Артуро Перес-Реверте - Фламандская доска
Говоря это, он повернулся к Сесару, как будто ожидая его одобрения, и антиквару не оставалось ничего другого, кроме как придать соответствующее выражение своему лицу.
— Конечно, — кивнул он, и Сифуэнтес ответил улыбкой, преисполненной симпатии.
— Только дерево, — удовлетворенно подчеркнул он. — Никакой там пластмассы.
— Ну еще бы!
Сифуэнтес, довольный, повернулся к Хулии:
— Вам бы следовало зайти сюда как-нибудь в субботу, поближе к вечеру. — Он гордо огляделся вокруг, как мать-наседка, делающая ревизию своему подросшему потомству. — Сегодня-то у нас обычный день: любители, после работы заглянувшие поиграть до ужина, пенсионеры, которые сидят за доской с утра до вечера. Обстановка, как видите, весьма приятная. Весьма…
— Положительная, — подсказала Хулия, несколько неожиданно даже для самой себя. Однако Сифуэнтссу это явно пришлось по душе.
— Вот-вот, положительная. И, как вы можете убедиться, к нам приходит много молодежи… Вон тот, видите? Это просто какой-то феномен: ему всего девятнадцать, а он уже написал работу на сто страниц, посвященную анализу одного из сложных вариантов дебюта Нимцондия.[12]
— Да что вы говорите! Это же надо: Нимцондия… Это звучит… — Хулия отчаянно искала подходящее слово, — это звучит… капитально.
— Ну, не то чтобы капитально, — скромно признал Сифуэнтес, — но это и правда достаточно важный раздел шахматной теории.

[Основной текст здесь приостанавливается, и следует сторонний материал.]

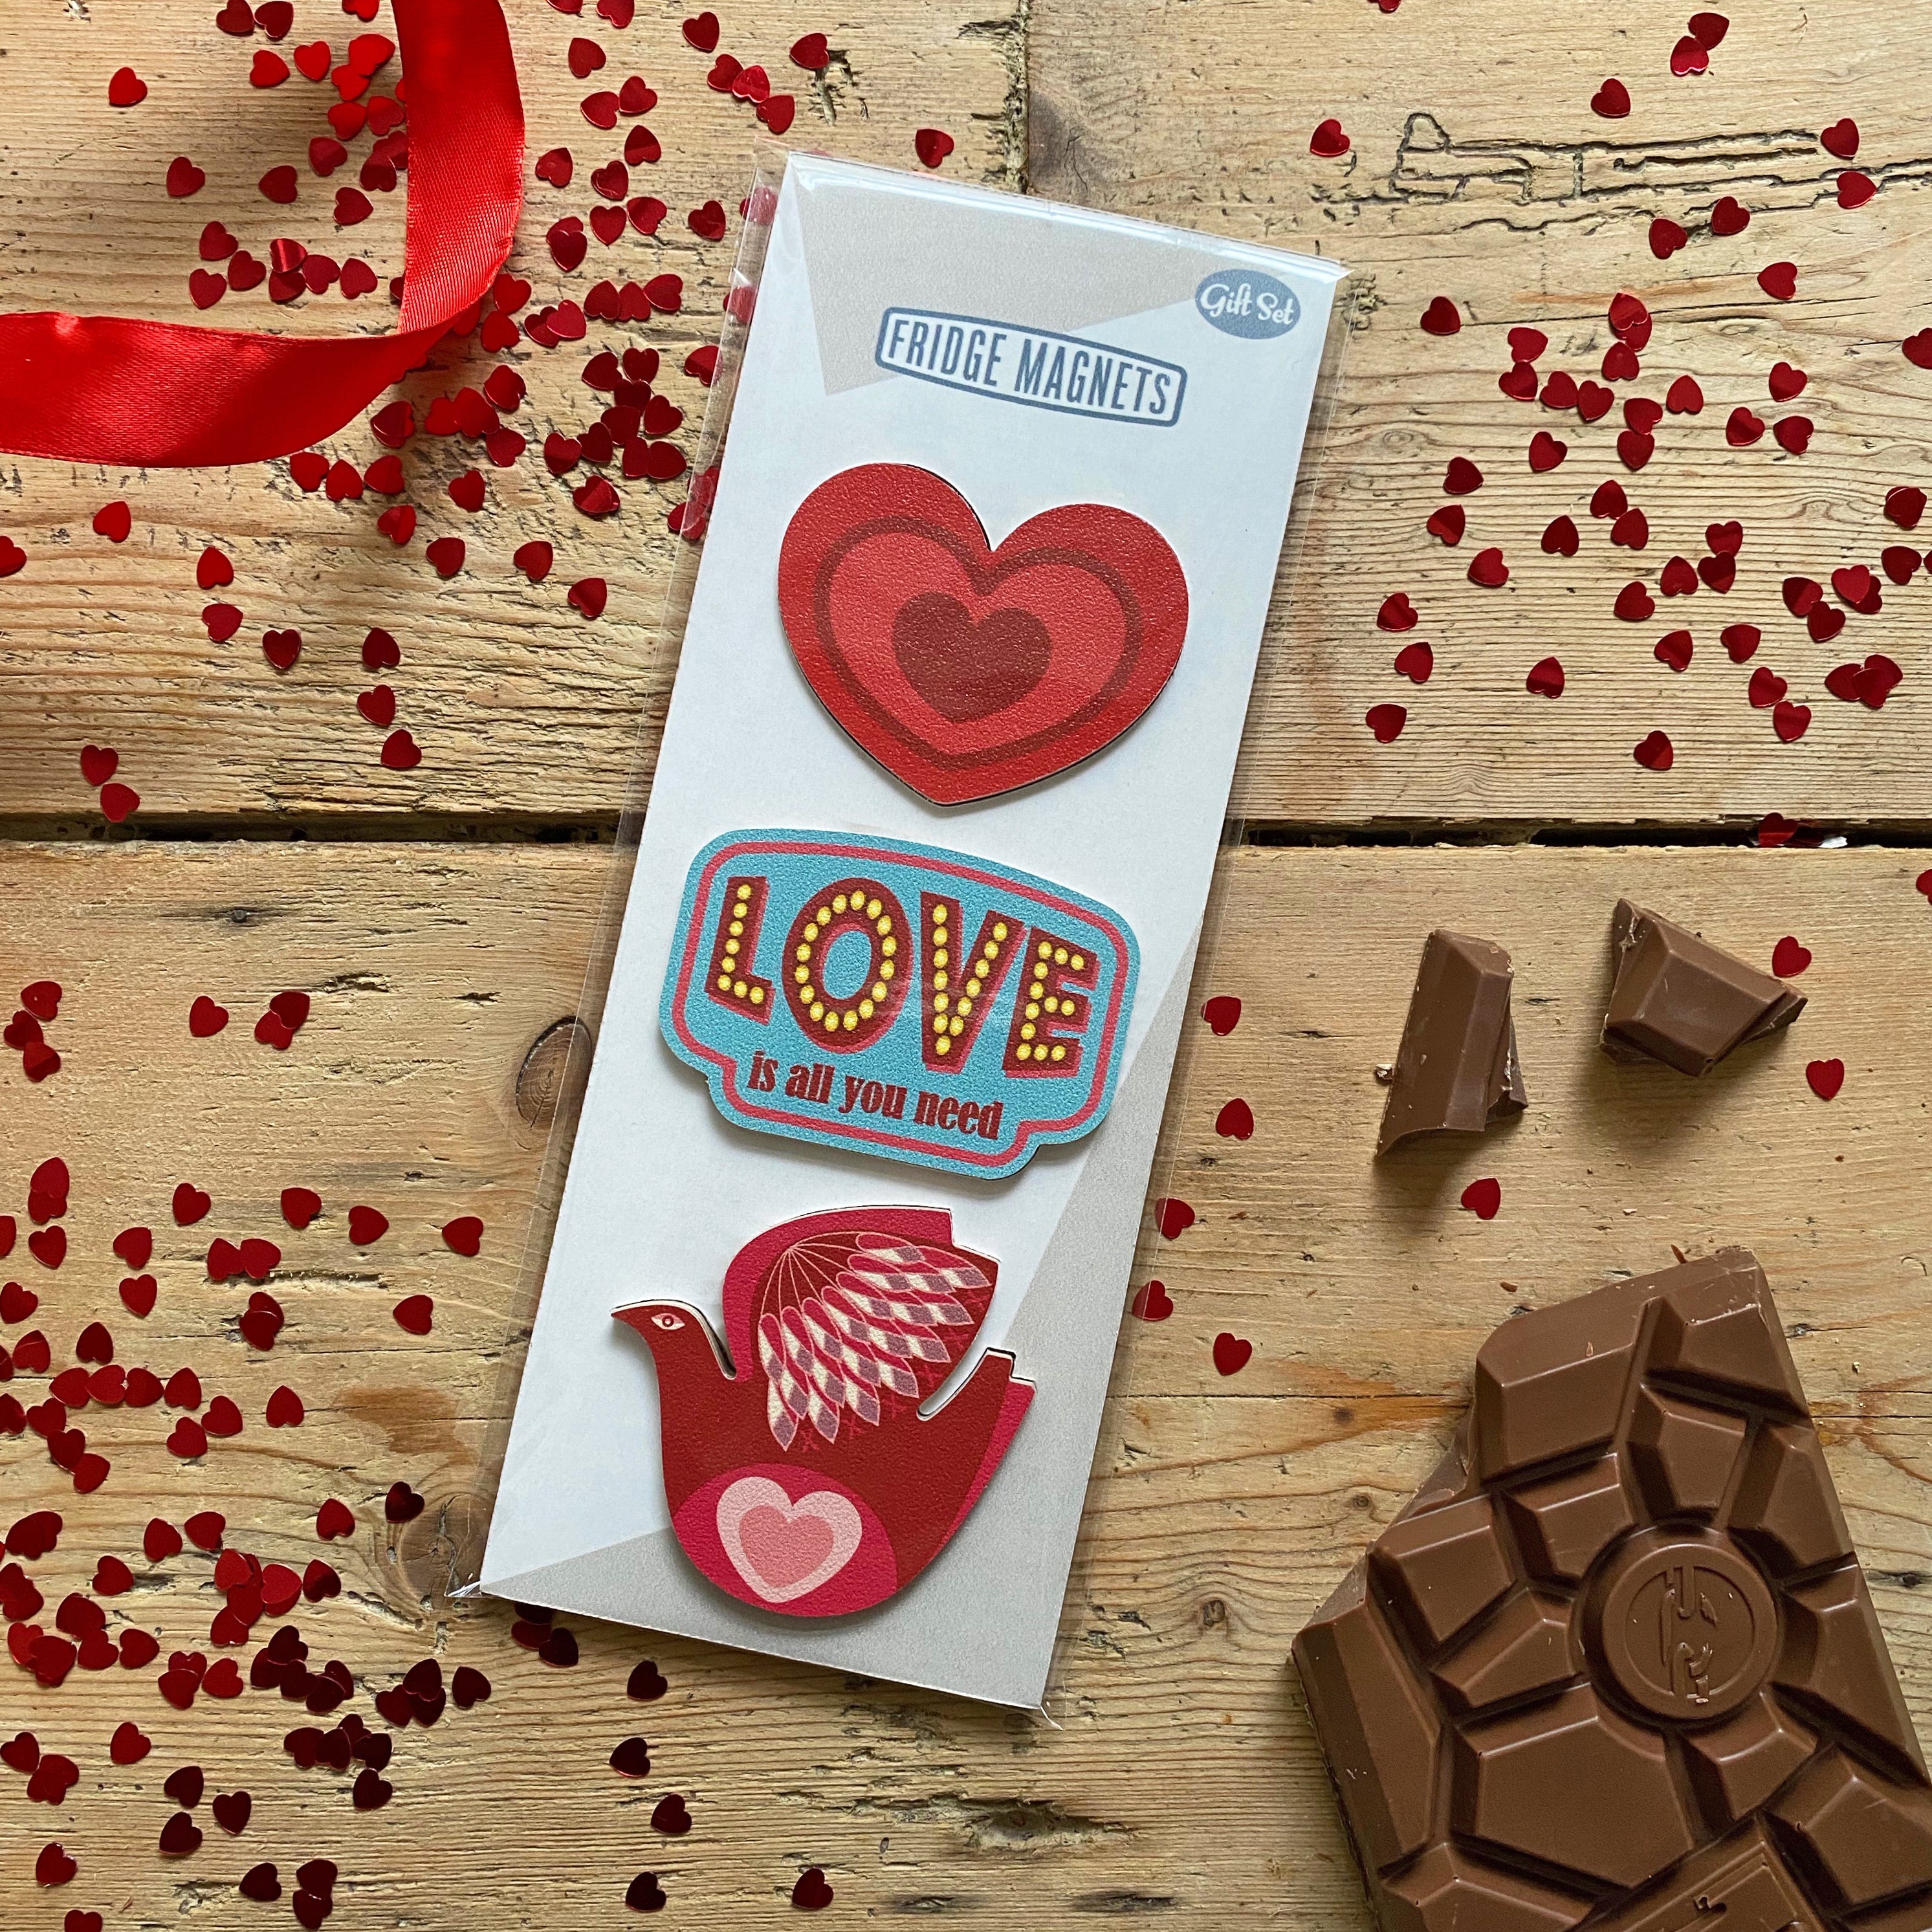 A gift set of three Fridge Magnets for Valentine's Day with heart, all you need is love vintage label and love bird magnets - by Beyond the Fridge on wood with chocolate and red ribbon

Взгляд Хулии, брошенный на Сесара, молил о помощи, но антиквар только поднял бровь с выражением вежливого интереса к их диалогу. Он стоял, заложив за спину руки с тростью и шляпой, и слушал, чуть наклонясь в сторону Сифуэнтеса. Похоже, происходящее забавляло его необычайно.
— Да и я сам, — продолжал Сифуэнтес, ткнув пальцем себе в грудь на уровне первой пуговицы жилета, — несколько лет назад тоже внес свою скромную лепту…

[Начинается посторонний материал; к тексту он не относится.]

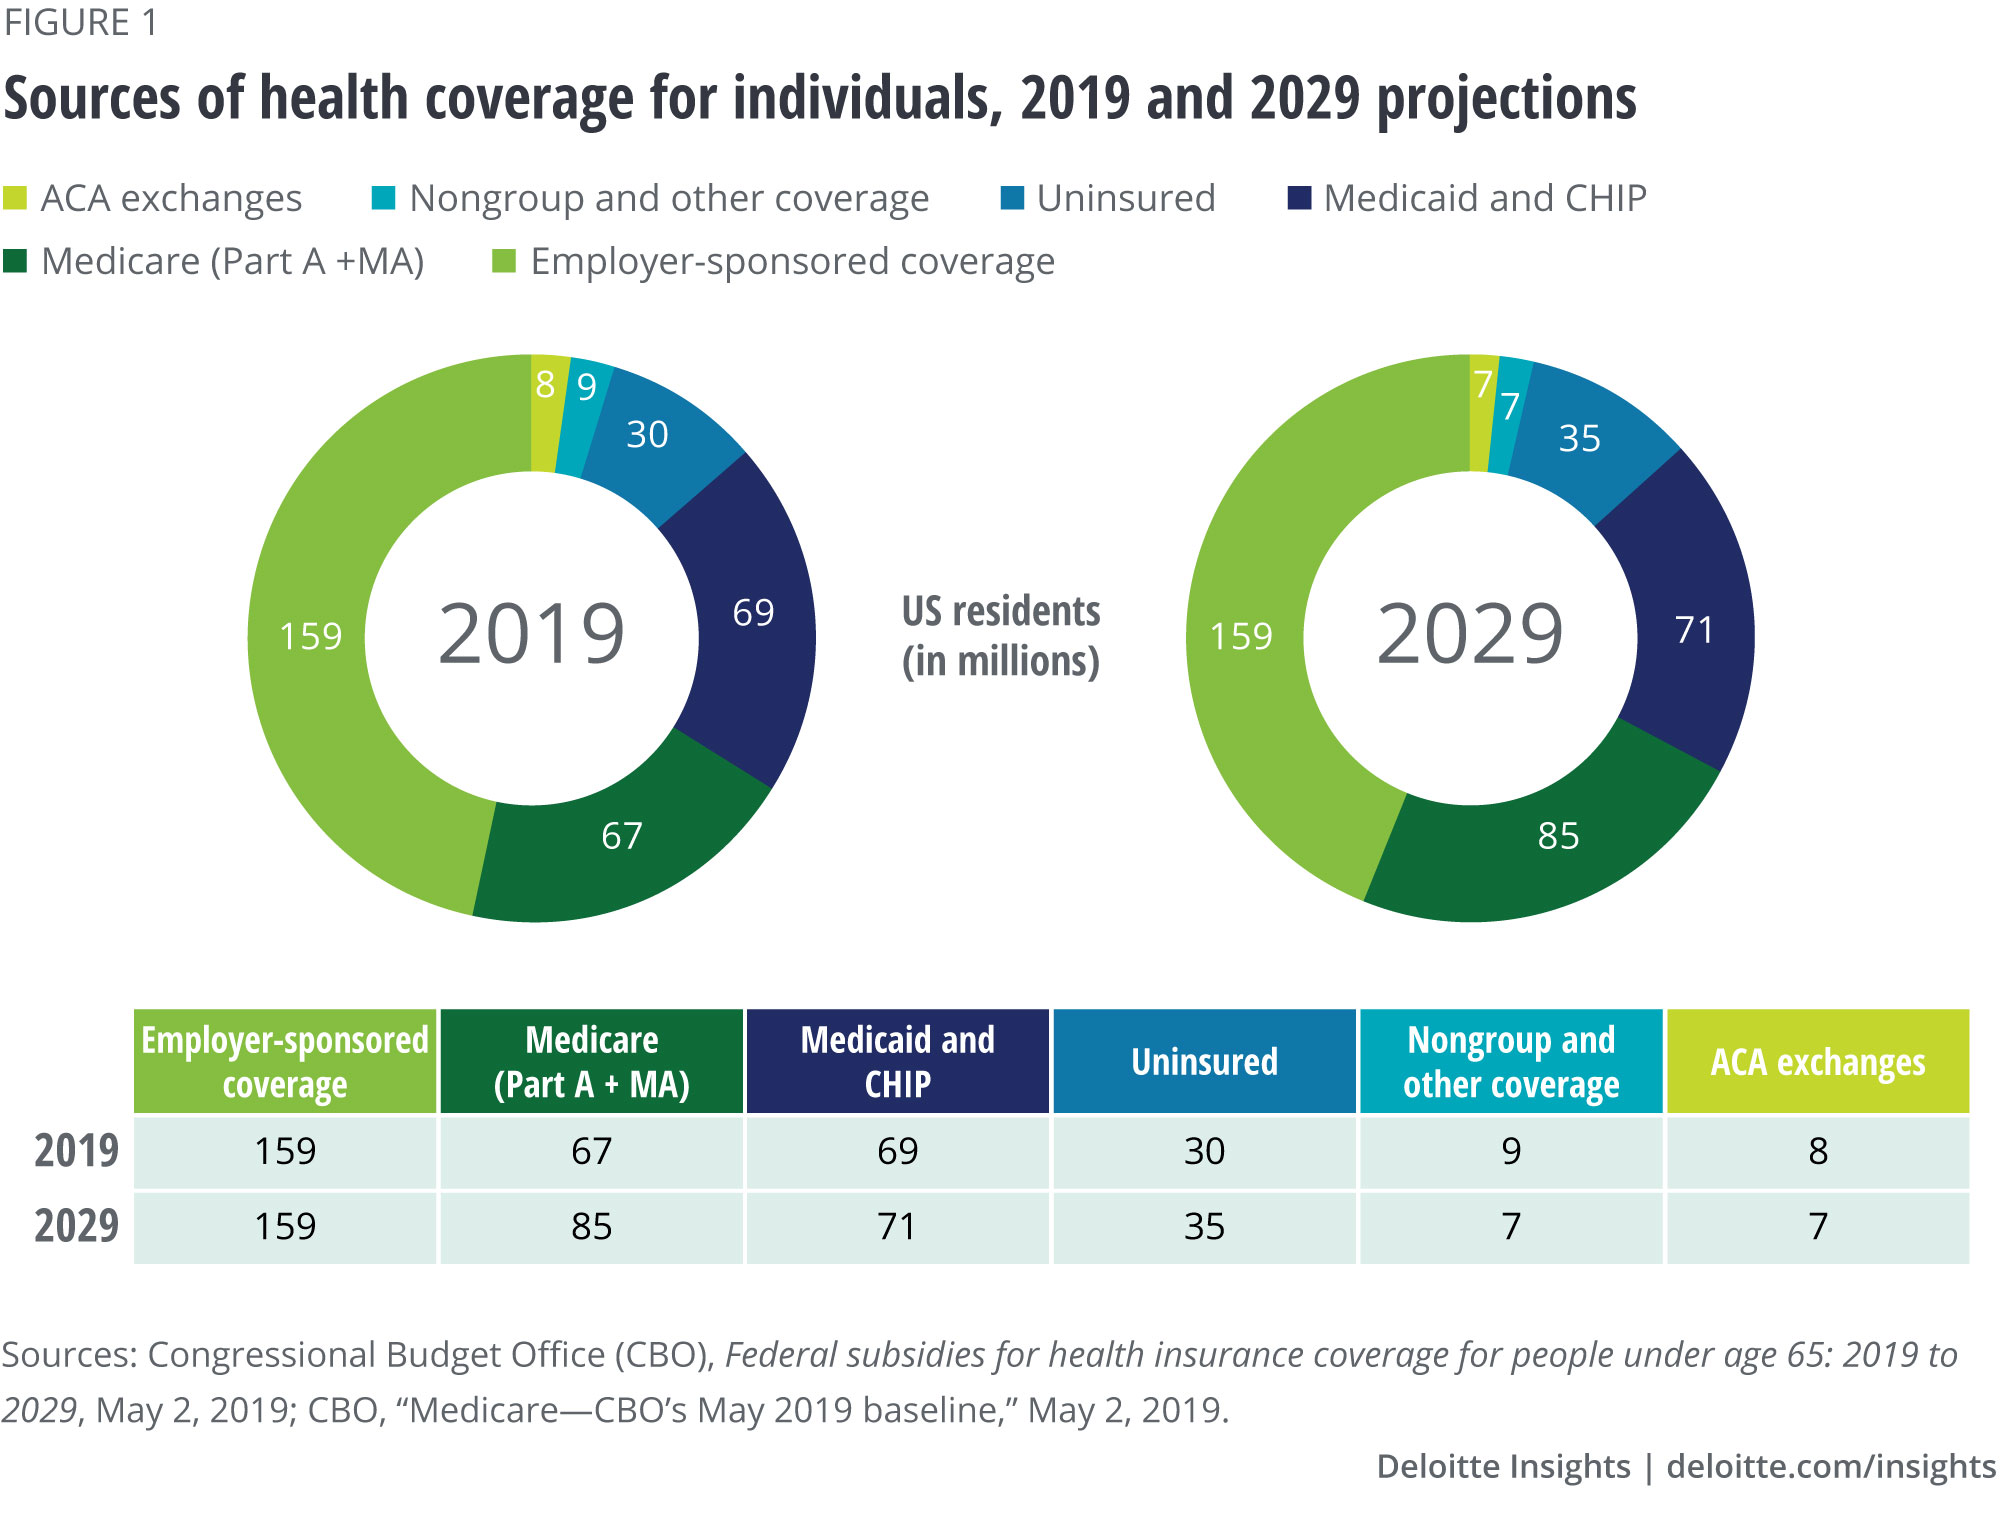 Sources of health coverage for individuals under age 65, 2019 and 2029 projections

— Что вы говорите! — вставил Сесар, и Хулия взглянула на него с беспокойством.
— Да, да. — Директор шахматного общества привычно изобразил на лице скромную улыбку. — Субвариант системы двух коней в защите Каро-Канн… Вариант Сифуэнтеса. — Он с надеждой посмотрел на Сесара. — Может, вам приходилось слышать…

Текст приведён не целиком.